Dans le cadre de sa campagne, PSI a défini les relations sexuelles entre personnes de générations différentes comme étant des relations sexuelles hors mariage entre un homme et une femme ayant une différence d’âge d’au moins 10 ans.

Pour mener à bien sa campagne, l’ONG PSI est présente sur les ondes de la radio, à la télévision et sur les panneaux publicitaires. Elle a même créé des clubs pour les jeunes étudiantes, les « Go Getters » (« Les battantes »). L’objectif de cette campagne est de réduire le nombre de nouvelles infections à VIH chez les jeunes femmes vulnérables.

En effet, le taux de prévalence du VIH chez les jeunes femmes âgées entre 15 et 24 ans est quatre fois supérieur à celui enregistré chez les hommes du même âge. Parmi les hommes ougandais, ce sont ceux qui appartiennent à la tranche d’âge des 35-44 ans qui sont les plus vulnérables au virus. C’est également cette tranche d’âge qui compte le plus de « papas gâteaux ».
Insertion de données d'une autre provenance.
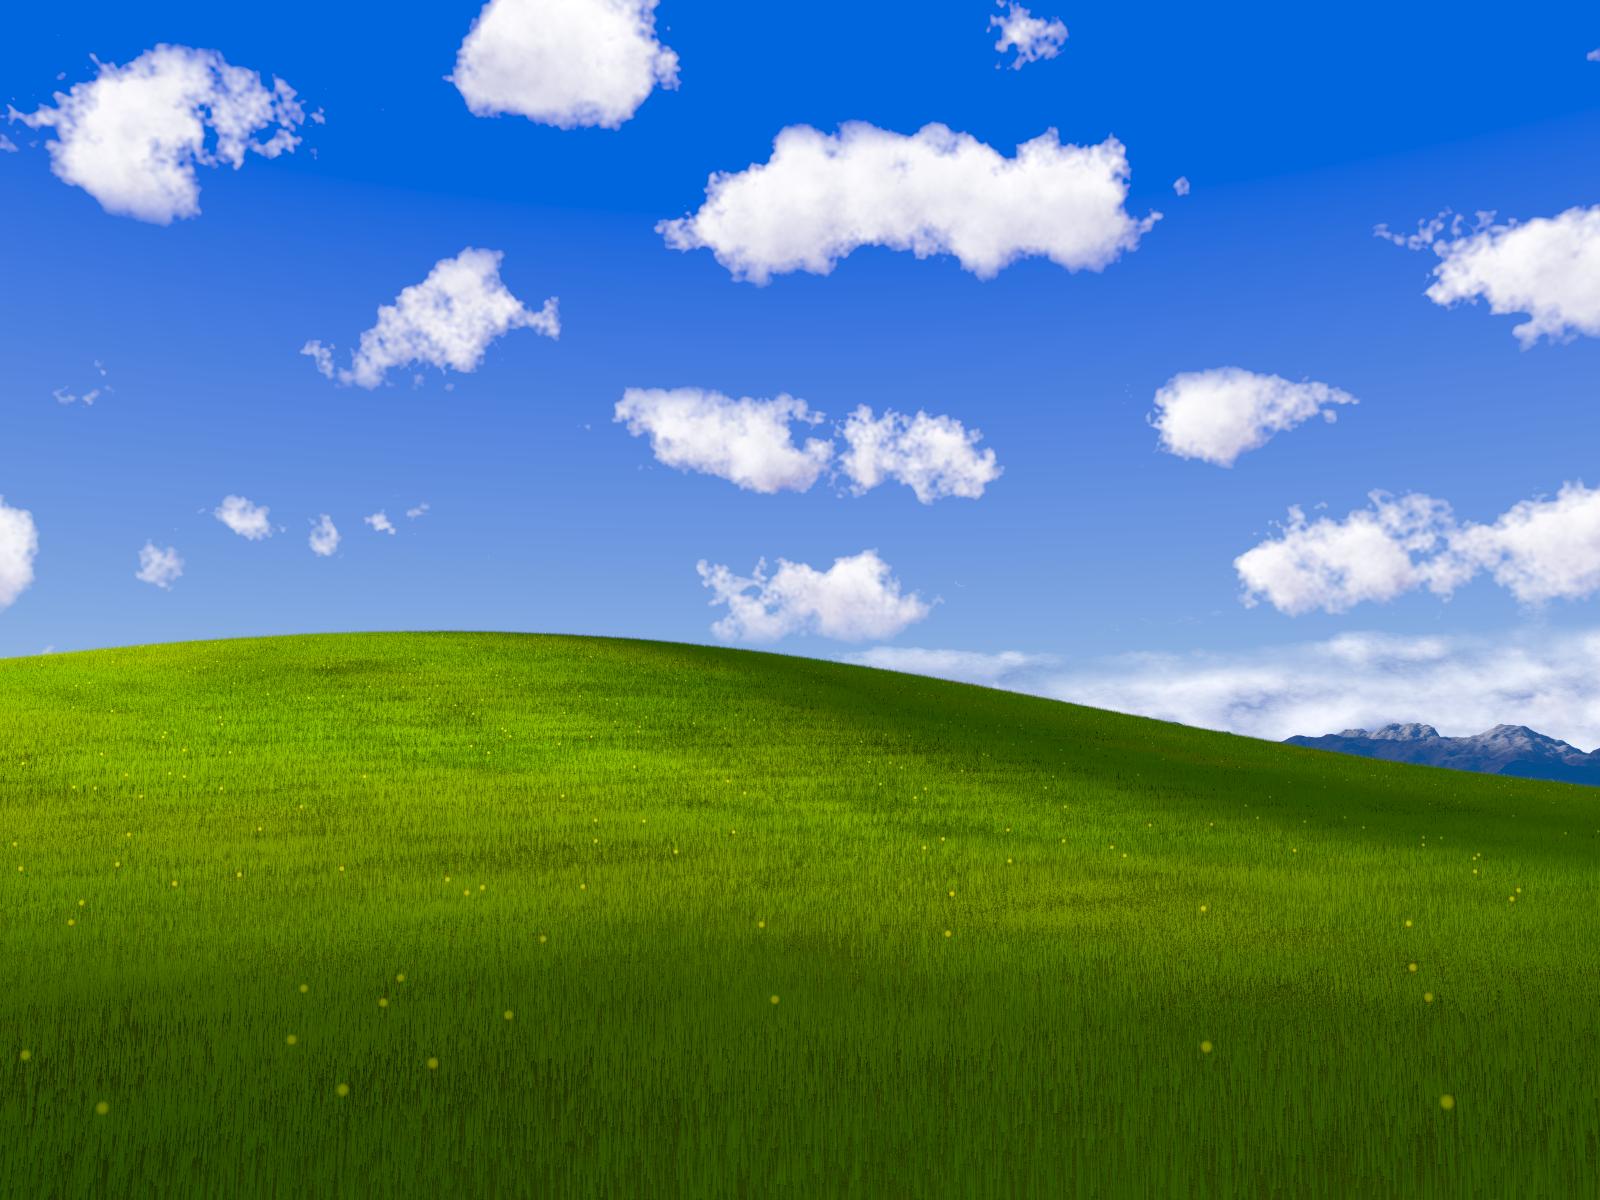 Windows XP Bliss Wallpaper là một trong những bức ảnh nền nổi tiếng và được yêu thích nhất trong lịch sử. Với khung cảnh xanh tươi mát, bạn sẽ cảm thấy thư giãn và tươi mới khi ngắm nhìn bức hình nền này. Hãy xem ảnh liên quan để đắm chìm trong thiên nhiên tuyệt đẹp của nó.

Selon les résultats d’une étude menée en 2003 par l’Université John Hopkins, basée aux Etats-Unis, la différence d’âge entre les jeunes femmes et leurs partenaires sexuels serait un important facteur de contamination.

Toujours selon cette étude, si l’on enregistre un taux de prévalence du VIH aussi élevé chez les jeunes femmes, c’est à cause, du moins en partie, des relations sexuelles qu’elles ont avec des partenaires plus âgés.

Cependant, aux yeux de beaucoup d’Ougandais, la campagne de PSI dénonce des relations « normales ». En effet, une différence d’âge de 10 années au sein d’un couple est un phénomène courant dans ce pays de l’Afrique de l’Est.

« Sur certaines affiches, l’homme semble avoir une trentaine d’années et la fille a l’air d’être une étudiante, c’est une situation courante », a estimé Denis Jjuuko, qui gère Prime Time, une entreprise locale de relations publiques.

Denis Jjuuko a rappelé que la tradition veut que les hommes subviennent aux besoins de leur femme ou partenaire.

En outre, la dynamique économique qui accompagne le phénomène des papas gâteaux est profondément ancrée dans les normes de la société, a-t-il poursuivi.

« [PSI] doit s’attaquer aux causes du phénomène des papas gâteaux, c’est-à-dire au marasme économique et à la pauvreté », a-t-il dit.

Patricia Wamala, de l’ONG Straight Talk Foundation qui s’intéresse aux jeunes et à la santé de la reproduction, est l’un des partenaires de PSI pour cette campagne. Selon Mme Wamala, l’initiative lancée par PSI porte davantage sur la dynamique du pouvoir au sein d’une relation sexuelle entre personnes de générations différentes que sur la différence d’âge.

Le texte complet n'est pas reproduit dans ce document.